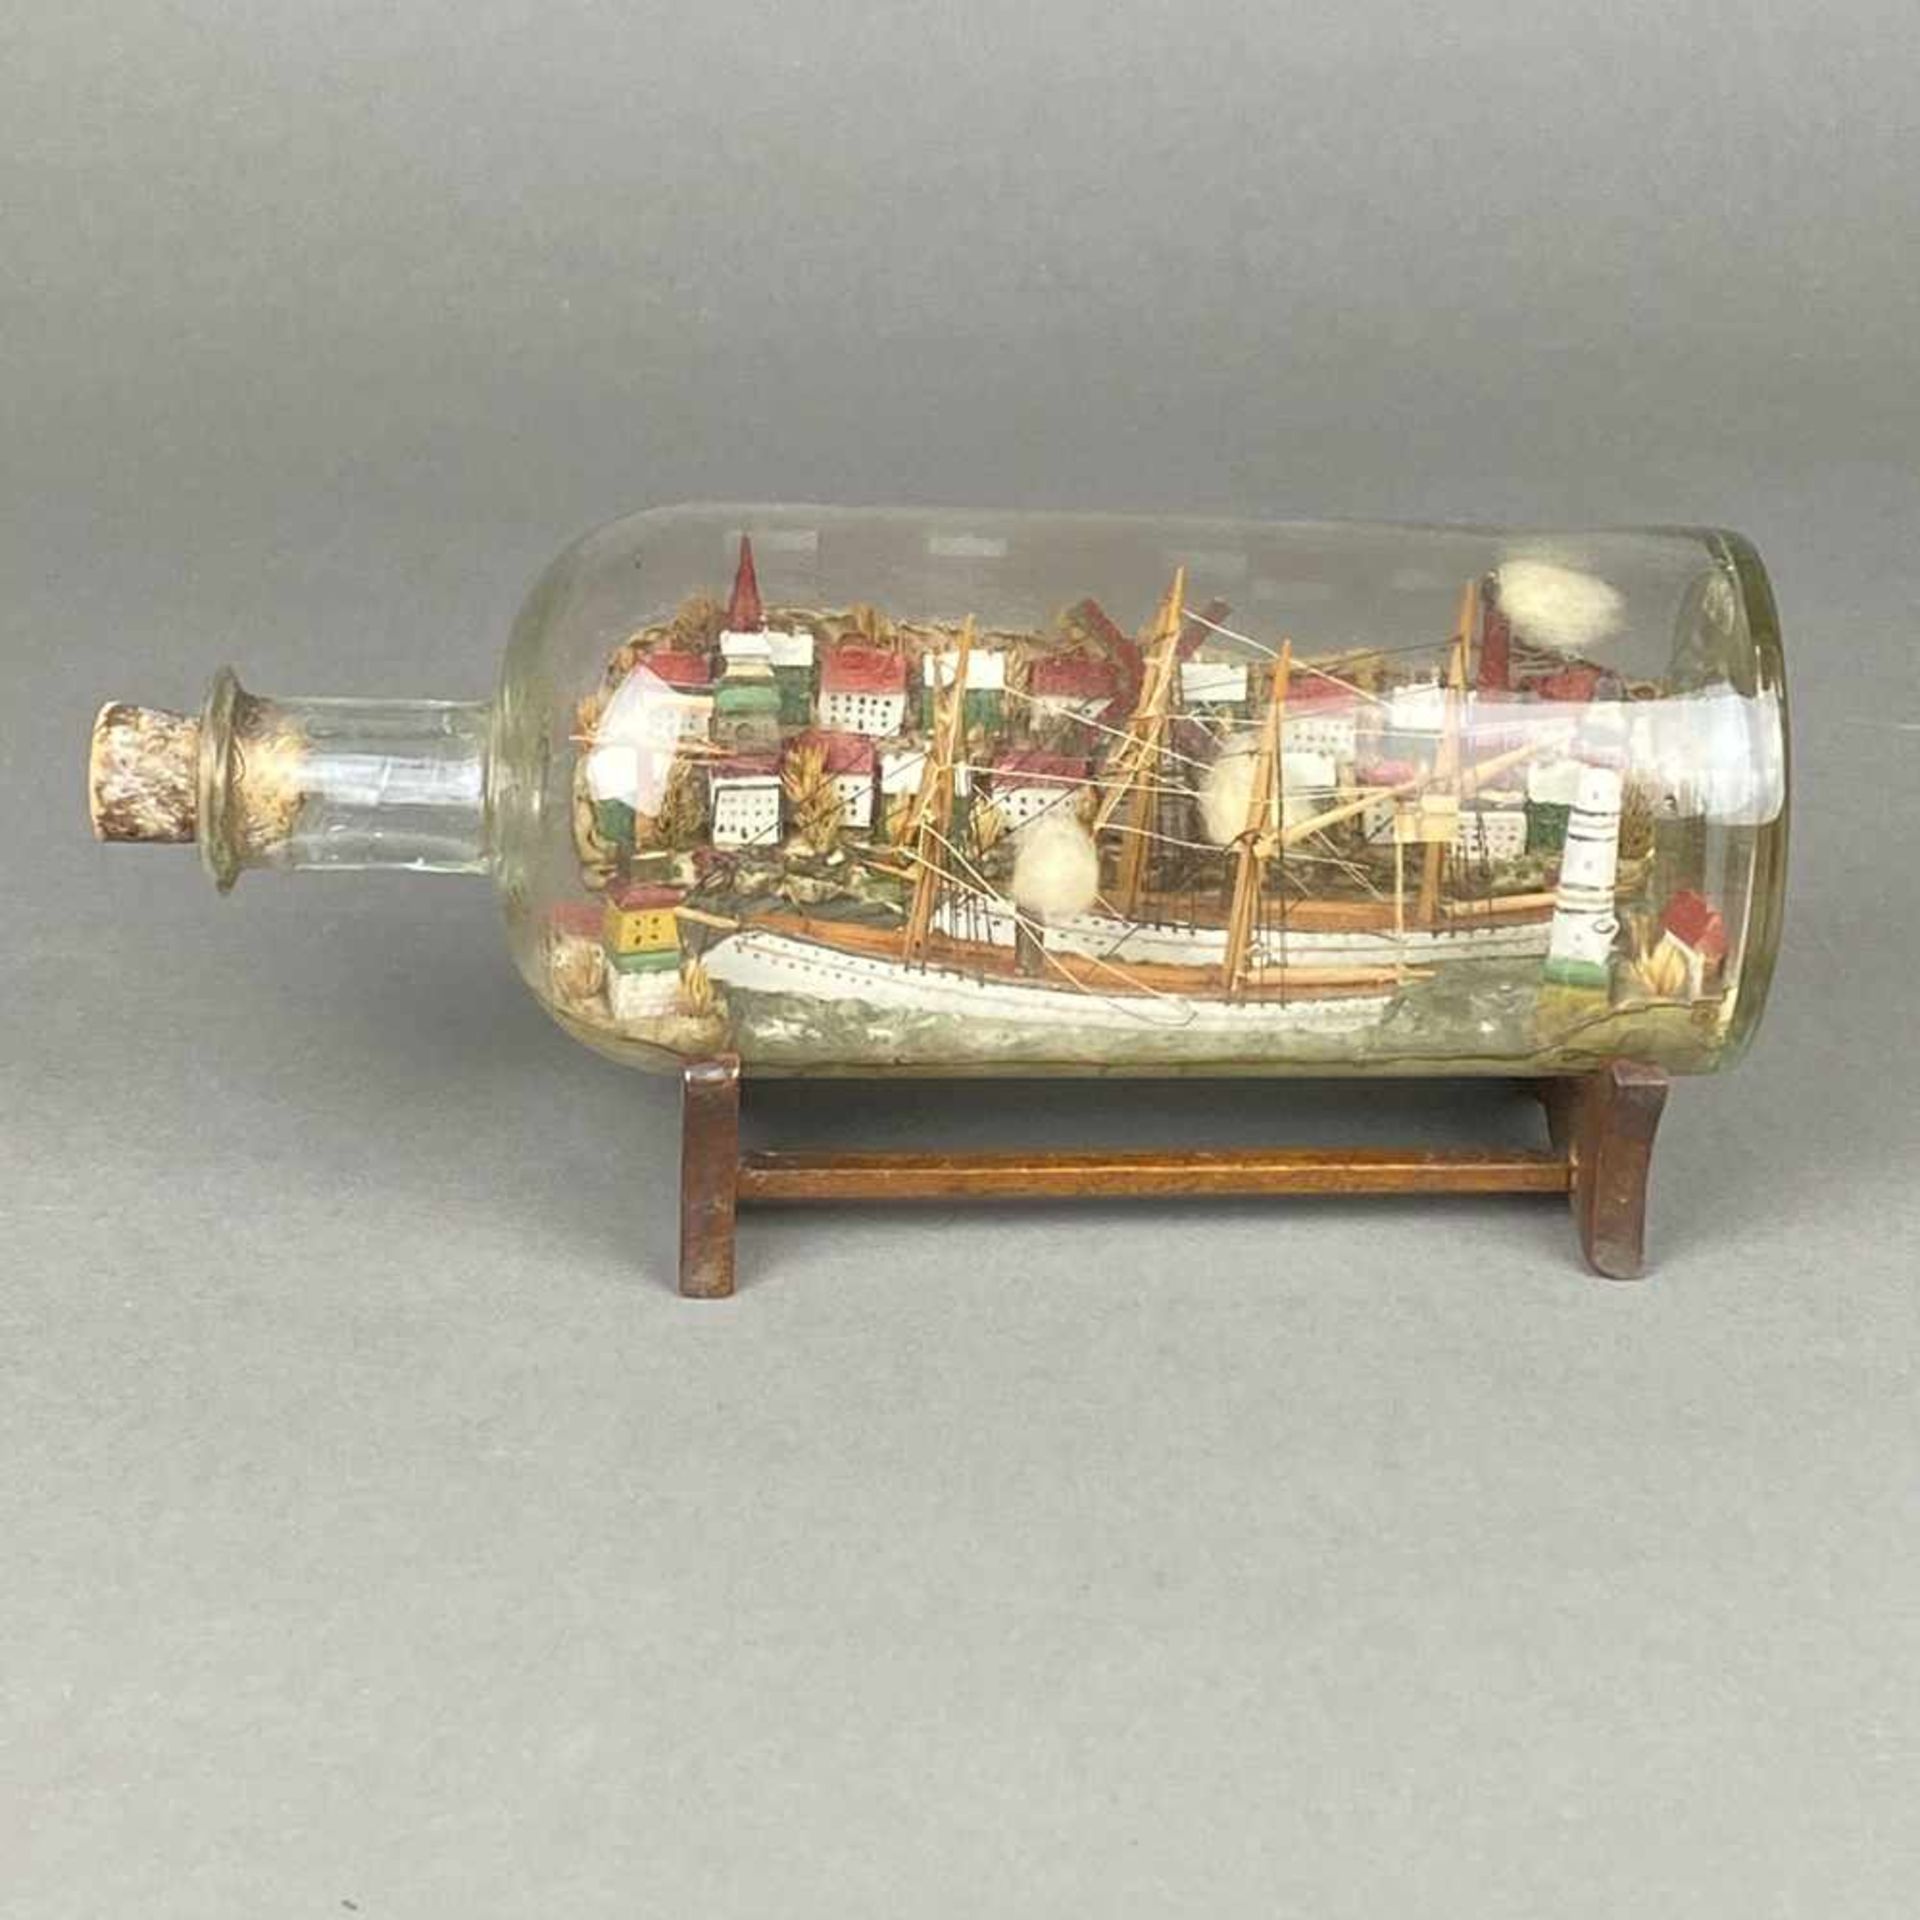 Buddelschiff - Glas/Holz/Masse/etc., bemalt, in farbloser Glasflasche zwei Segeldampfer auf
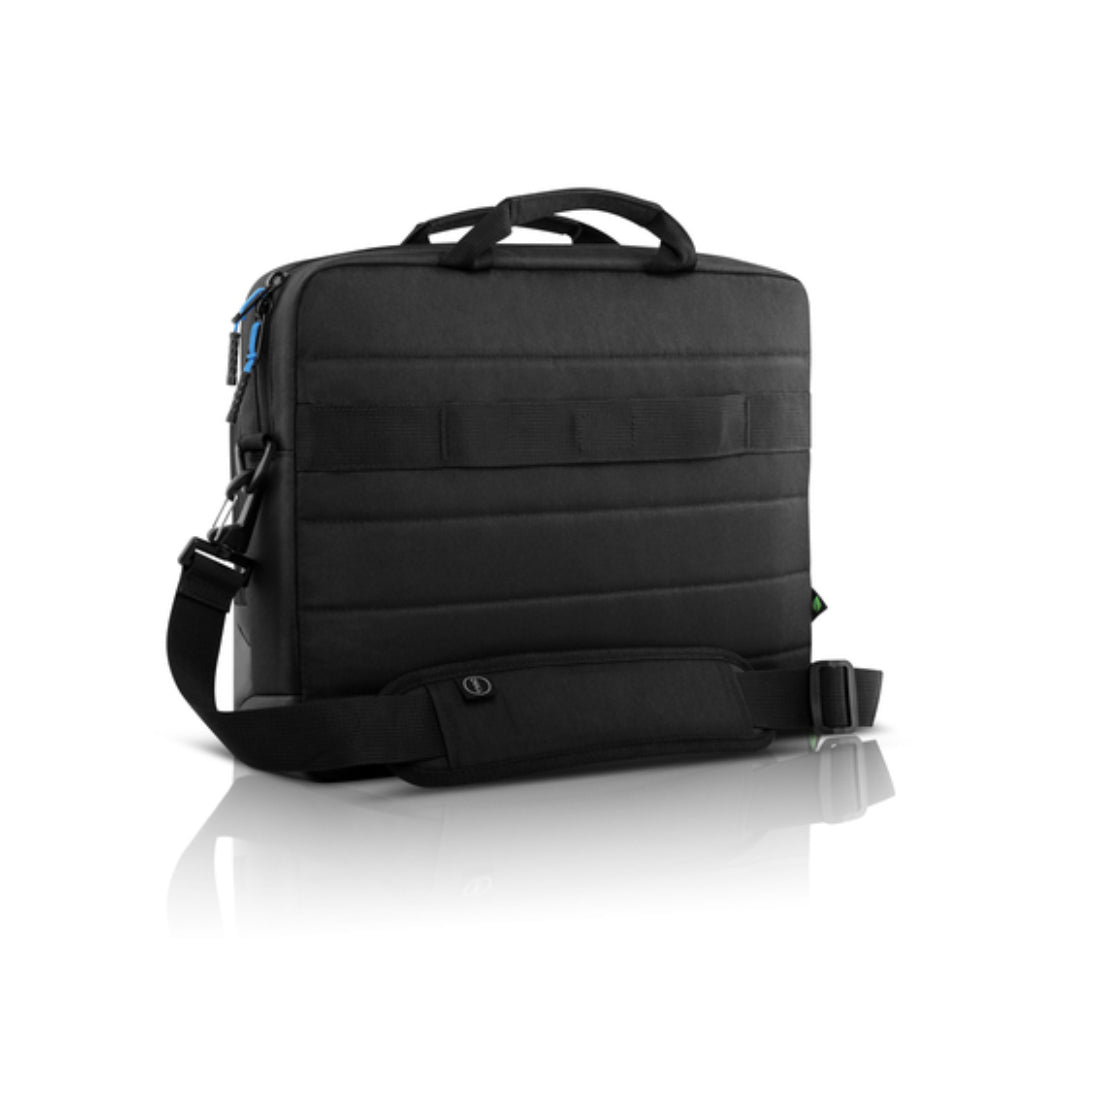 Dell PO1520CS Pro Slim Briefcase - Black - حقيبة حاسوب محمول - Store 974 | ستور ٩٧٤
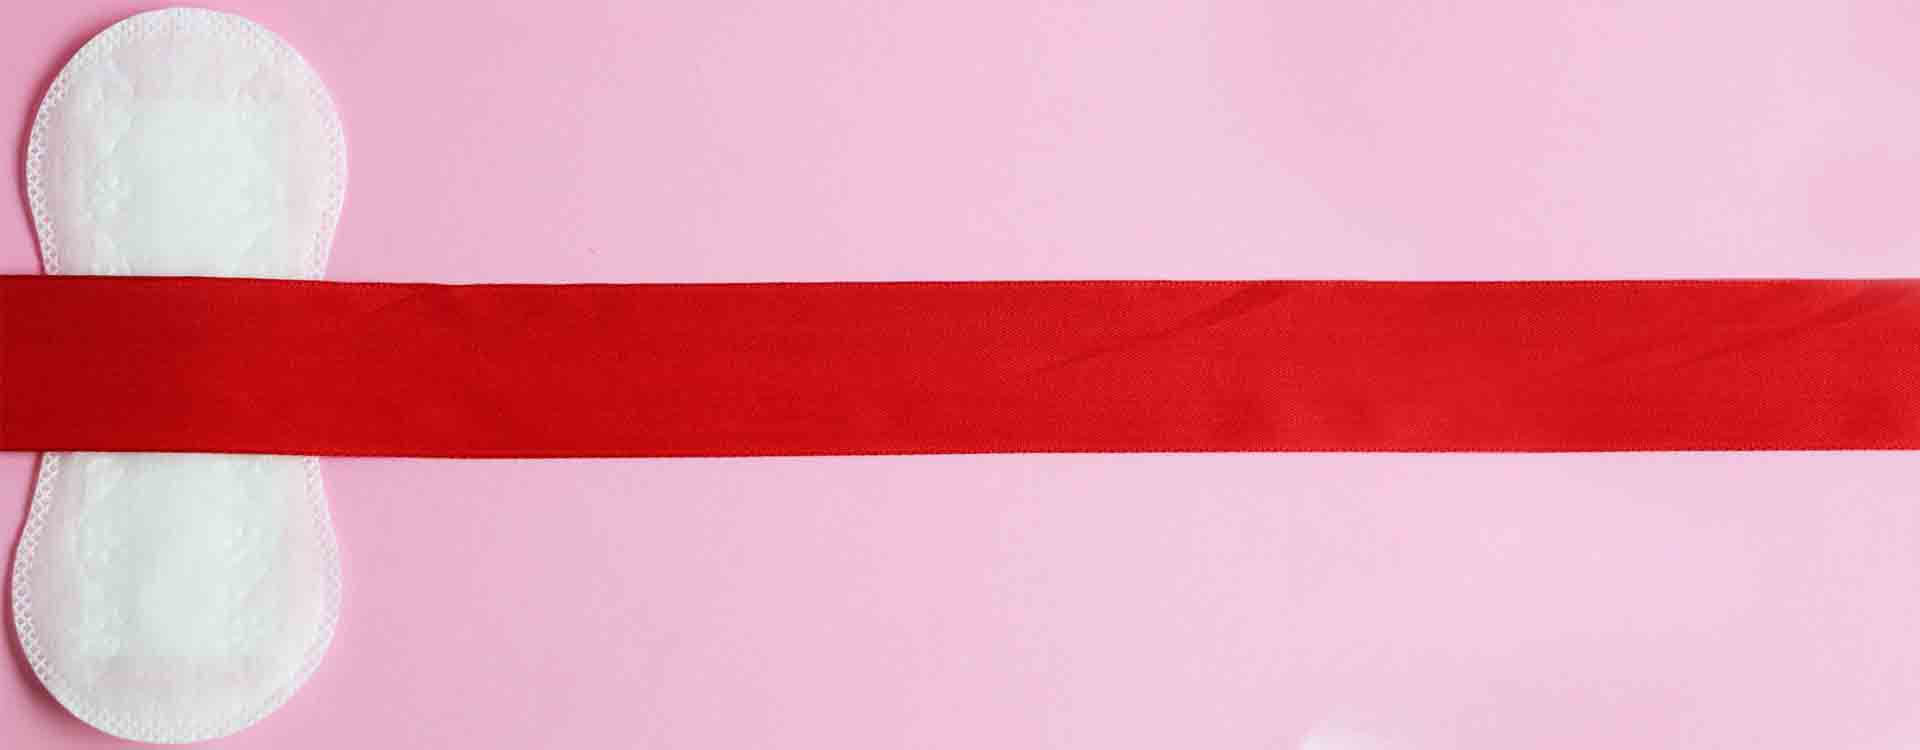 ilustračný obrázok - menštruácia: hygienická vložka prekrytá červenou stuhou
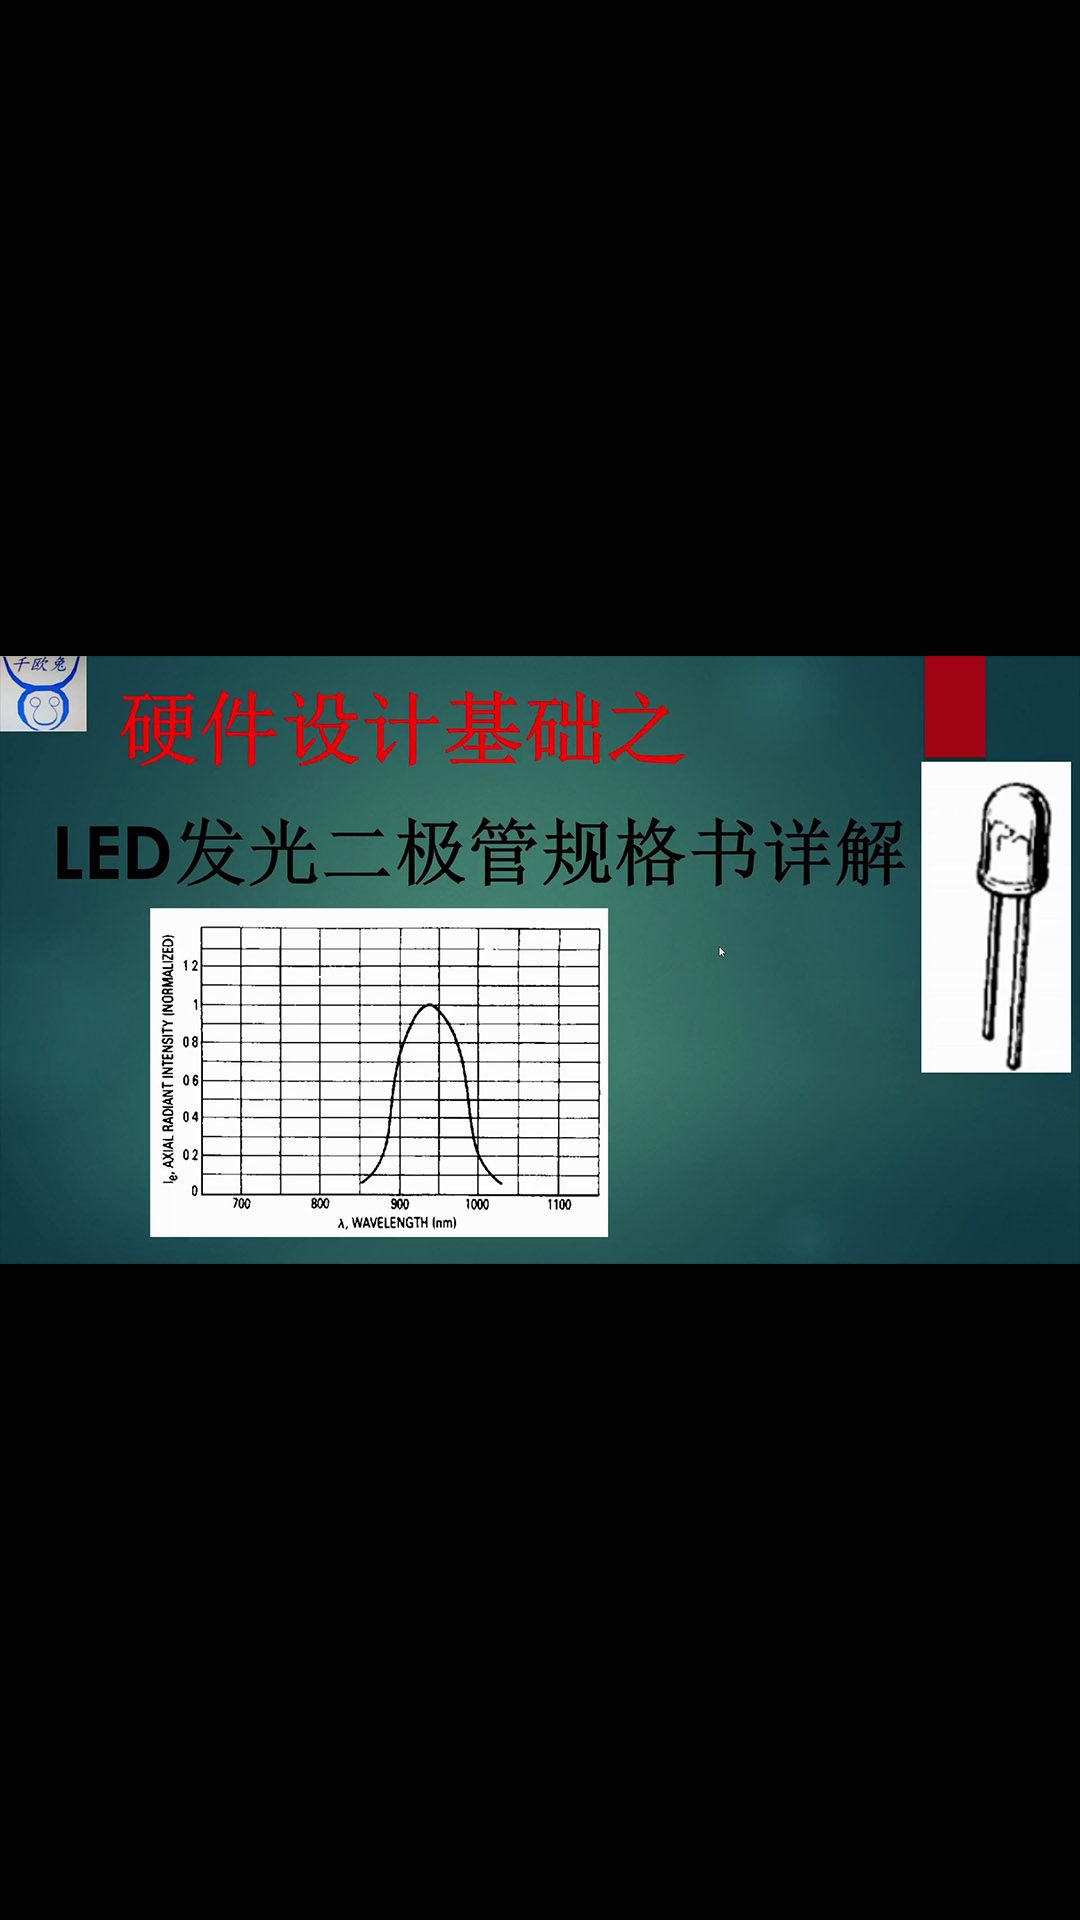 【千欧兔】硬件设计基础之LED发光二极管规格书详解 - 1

★ ★ ★ ★ ★

Down to the last line, print the material exactly, but not its pictures.

 Buddelschiff - Glas/Holz/Masse/etc., bemalt, in farbloser Glasflasche zwei Segeldampfer auf
 Dell PO1520CS Pro Slim Briefcase - Black - حقيبة حاسوب محمول - Store 974 | ستور ٩٧٤
 ilustračný obrázok - menštruácia: hygienická vložka prekrytá červenou stuhou
 【千欧兔】硬件设计基础之LED发光二极管规格书详解 - 1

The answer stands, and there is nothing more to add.